Ayat 48 ini berfungsi sebagai titik persimpangan teologis, yang menghubungkan tradisi kenabian masa lalu—yang diwakili oleh Taurat dan Injil—dengan wahyu terakhir yang dibawa oleh Nabi Muhammad ﷺ. Pemahaman yang komprehensif atas ayat ini memerlukan kajian yang mendalam, tidak hanya pada terjemah harfiahnya, tetapi juga pada implikasi historis, linguistik, dan filosofis dari setiap frasa kuncinya, terutama istilah *Muhaimin* dan konsep *Shir'atan wa Minhajan*. Ayat ini merupakan cetak biru Ilahi yang menjelaskan mengapa berbagai umat memiliki hukum dan jalan yang berbeda, namun tetap diarahkan menuju tujuan spiritual yang tunggal: berlomba-lomba dalam kebaikan.
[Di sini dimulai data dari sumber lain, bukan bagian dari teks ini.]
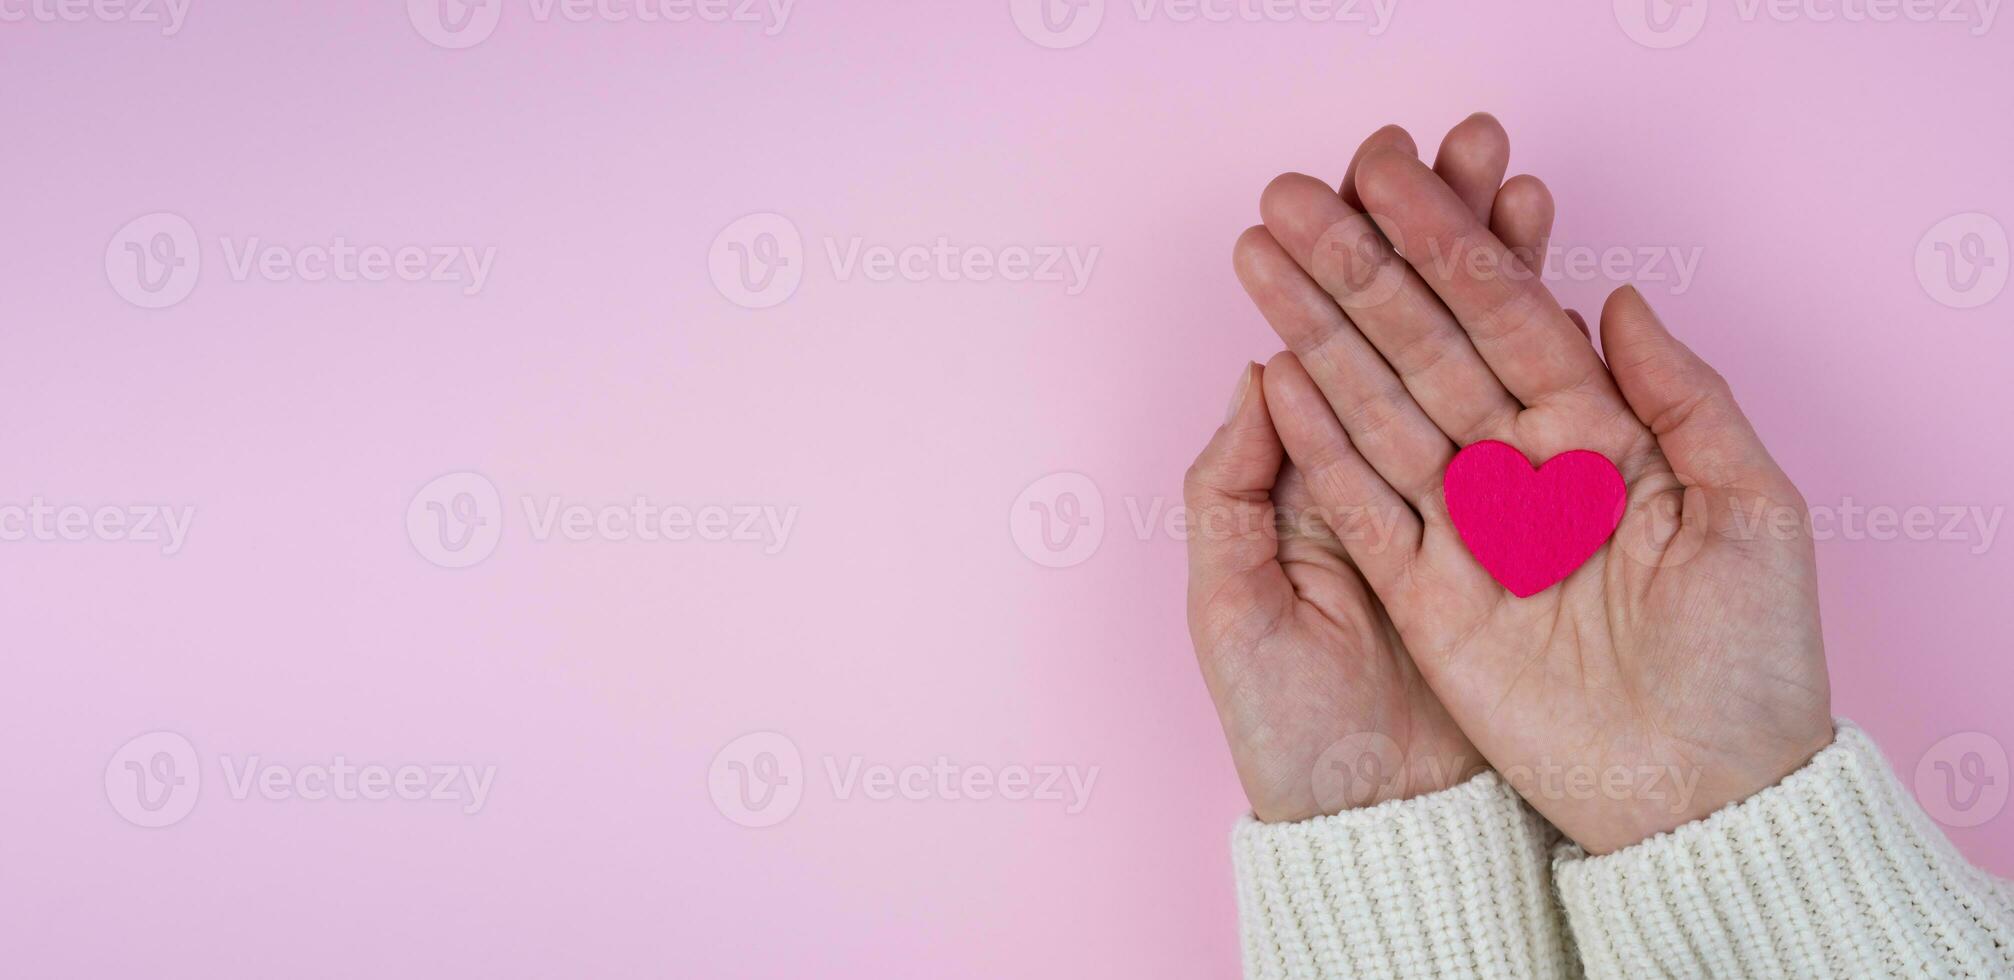 vrouw handen houden een roze hart Aan een roze achtergrond.valentijnsdag dag samenstelling. spandoek. plaats voor tekst. top visie. selectief focus. foto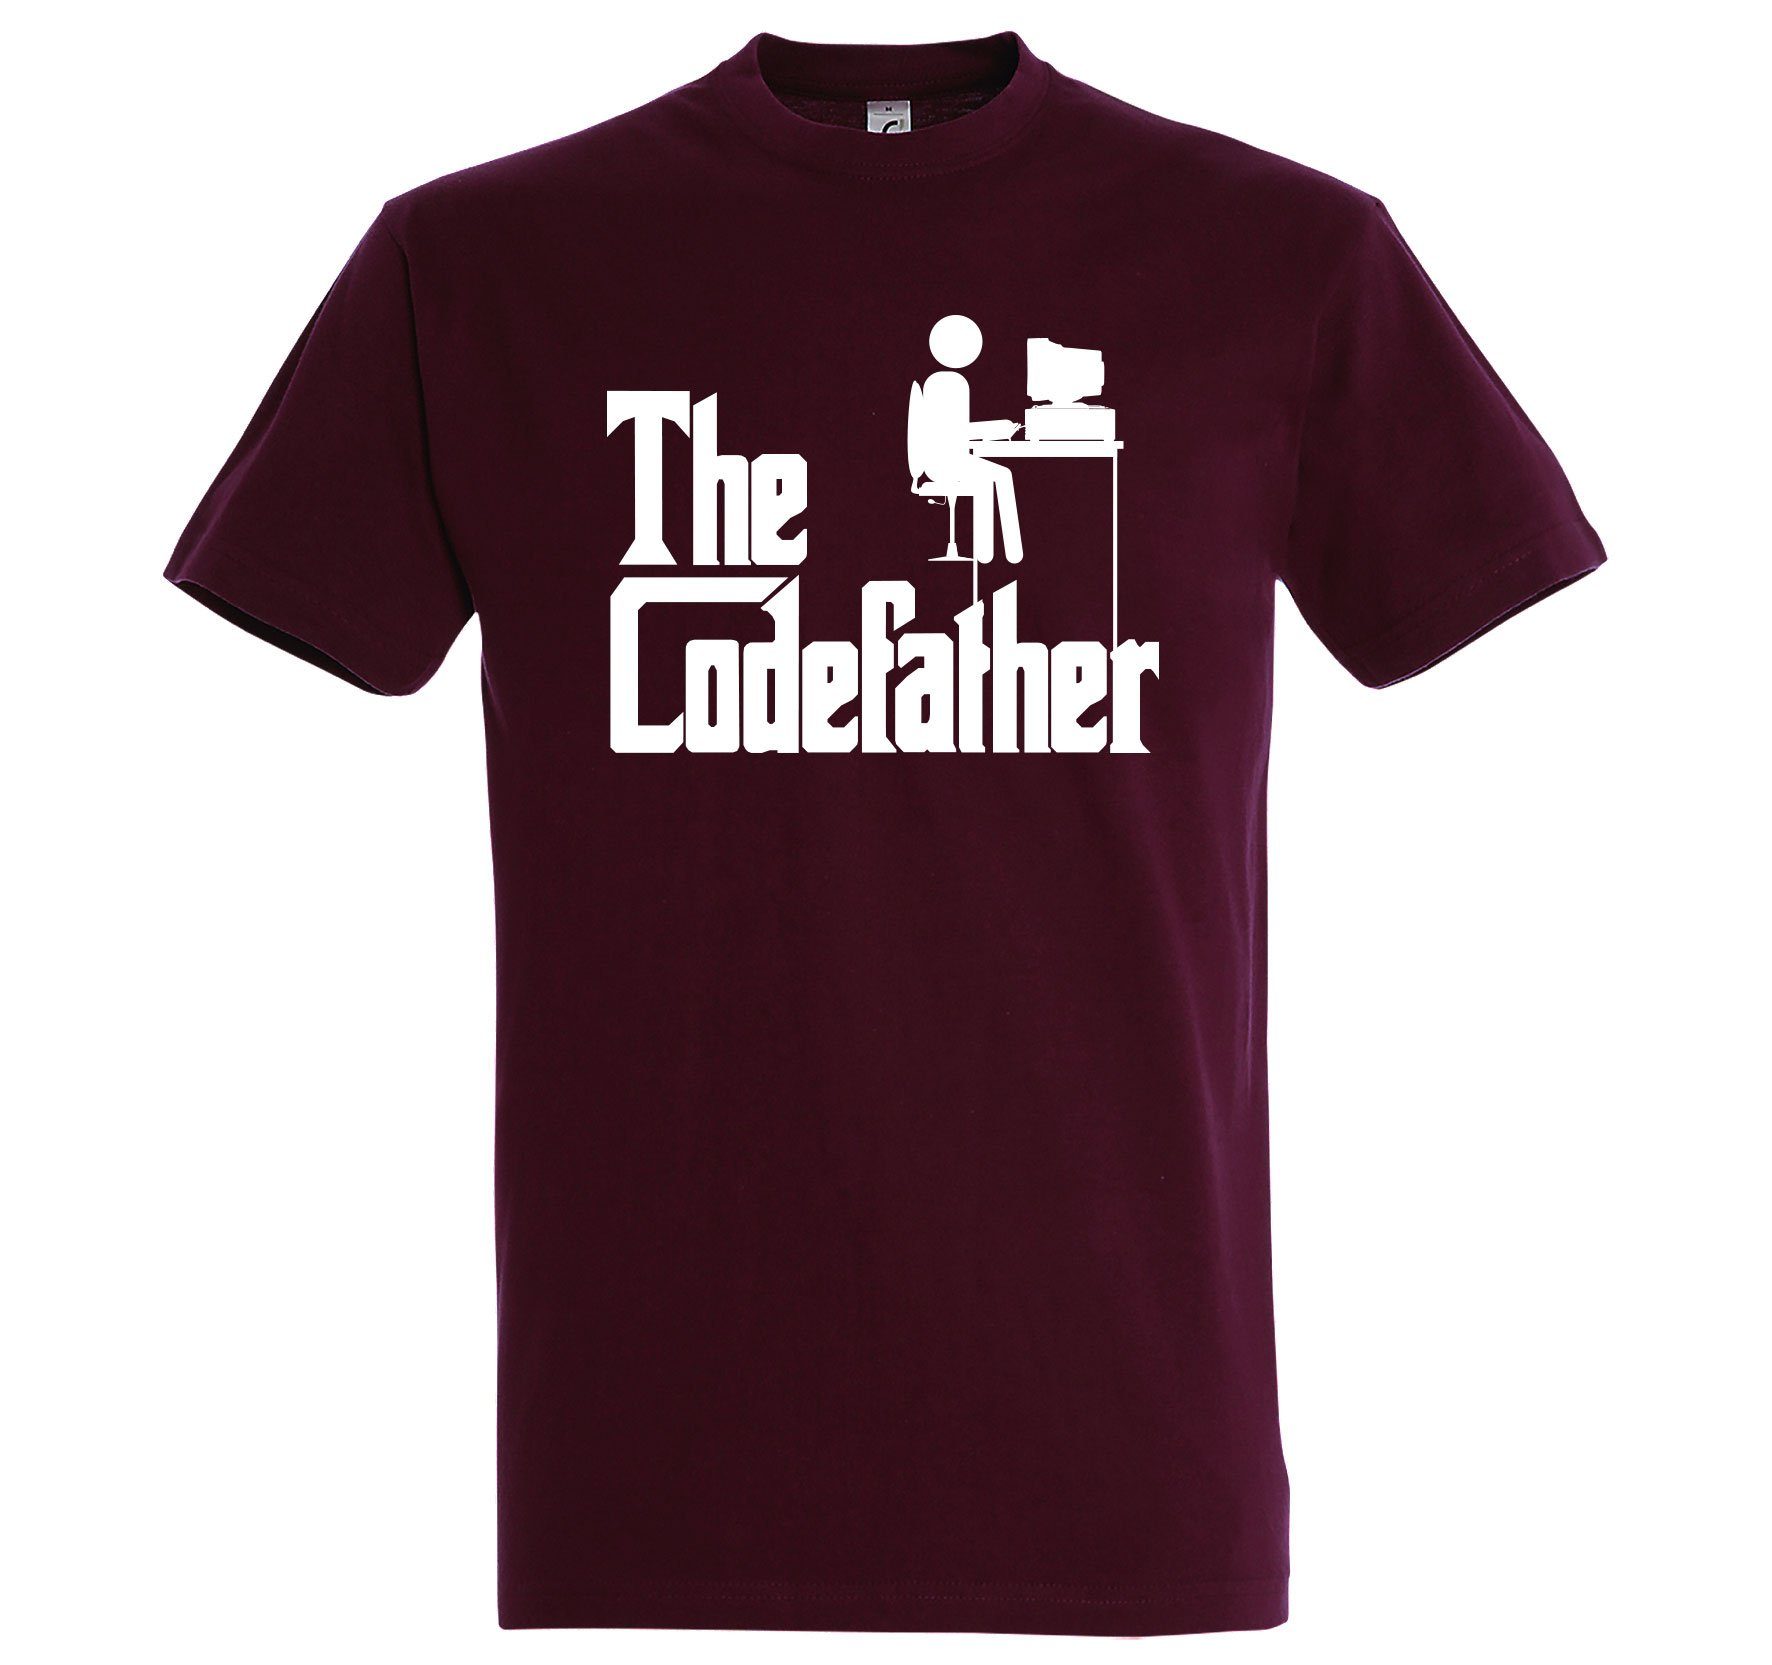 Youth lustigem Herren Designz T-Shirt Codefather Burgund mit The Frontprint T-Shirt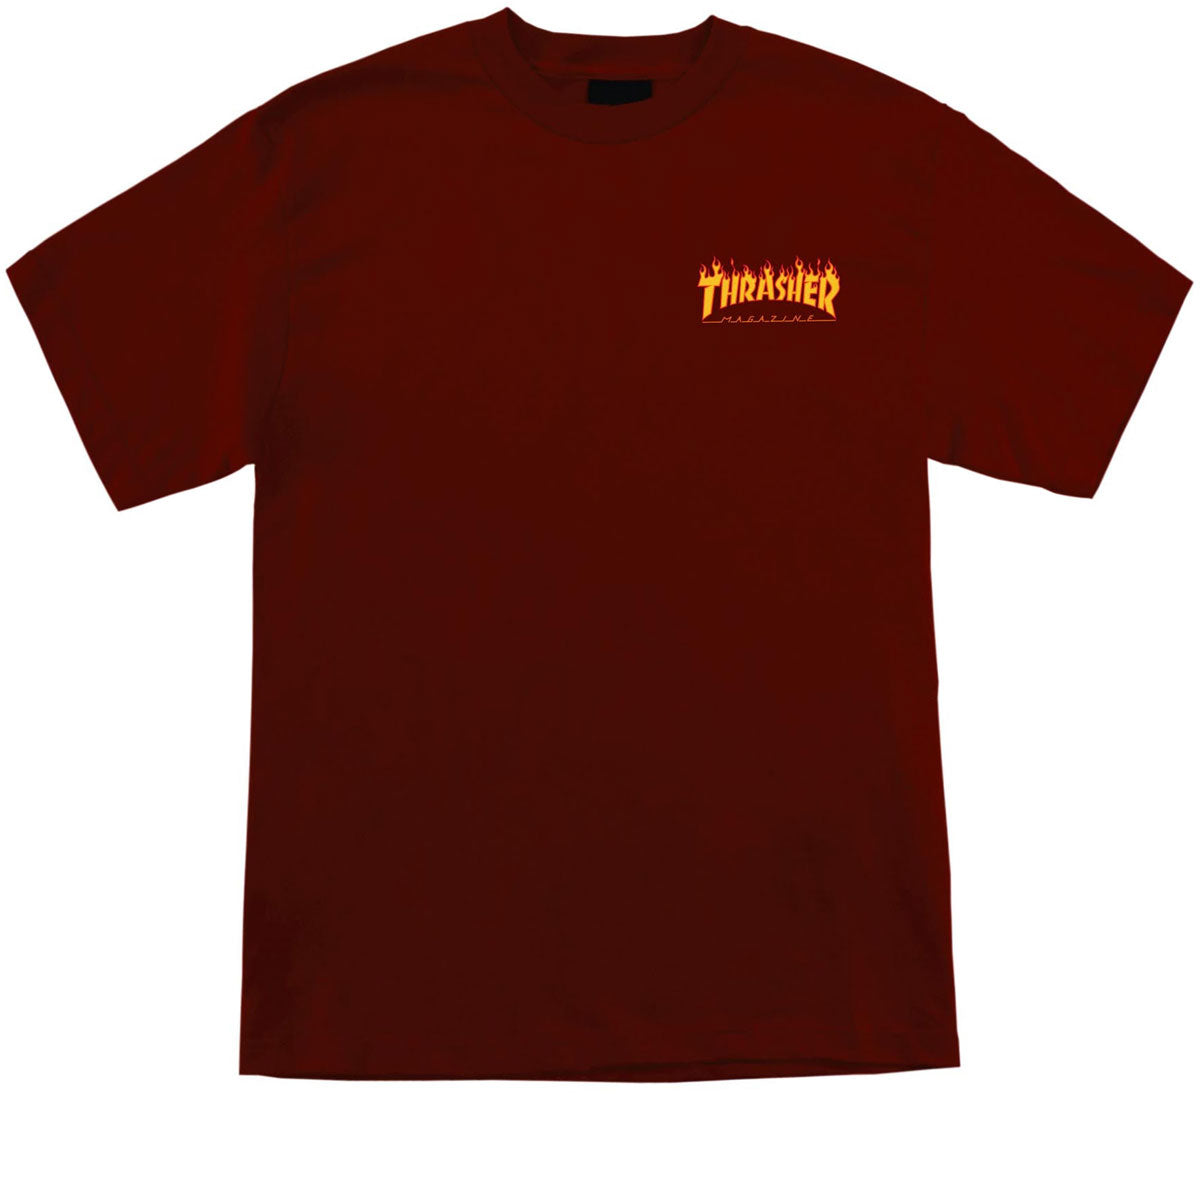 Santa Cruz x Thrasher Flame Dot T-Shirt - Burgundy image 2

"Dan Kami telah turunkan kepadamu Al Kitab (Al-Qur'an) dengan membawa kebenaran, membenarkan apa yang sebelumnya, yaitu kitab-kitab (yang diturunkan), dan batu ujian terhadap kitab-kitab yang lain itu. Maka putuskanlah perkara mereka menurut apa yang diturunkan Allah dan janganlah kamu mengikuti hawa nafsu mereka dengan meninggalkan kebenaran yang telah datang kepadamu. Untuk tiap-tiap umat di antara kamu, Kami berikan aturan dan jalan yang terang. Sekiranya Allah menghendaki, niscaya Dia menjadikan kamu satu umat (saja), tetapi Allah hendak menguji kamu terhadap karunia yang telah diberikan-Nya kepadamu, maka berlomba-lombalah berbuat kebajikan. Hanya kepada Allah-lah kembali kamu semuanya, lalu diberitahukan-Nya kepadamu apa yang selama ini kamu perselisihkan." (QS. Al-Maidah [5]: 48)
Gambar 1: Al-Qur'an sebagai Timbangan Kebenaran (Muhaimin)
Ayat ini dapat dipecah menjadi empat komponen utama yang masing-masing membawa makna teologis dan praktis yang mendalam, membentuk kerangka dasar bagi pemahaman Islam tentang hubungan antaragama dan kewajiban syariat.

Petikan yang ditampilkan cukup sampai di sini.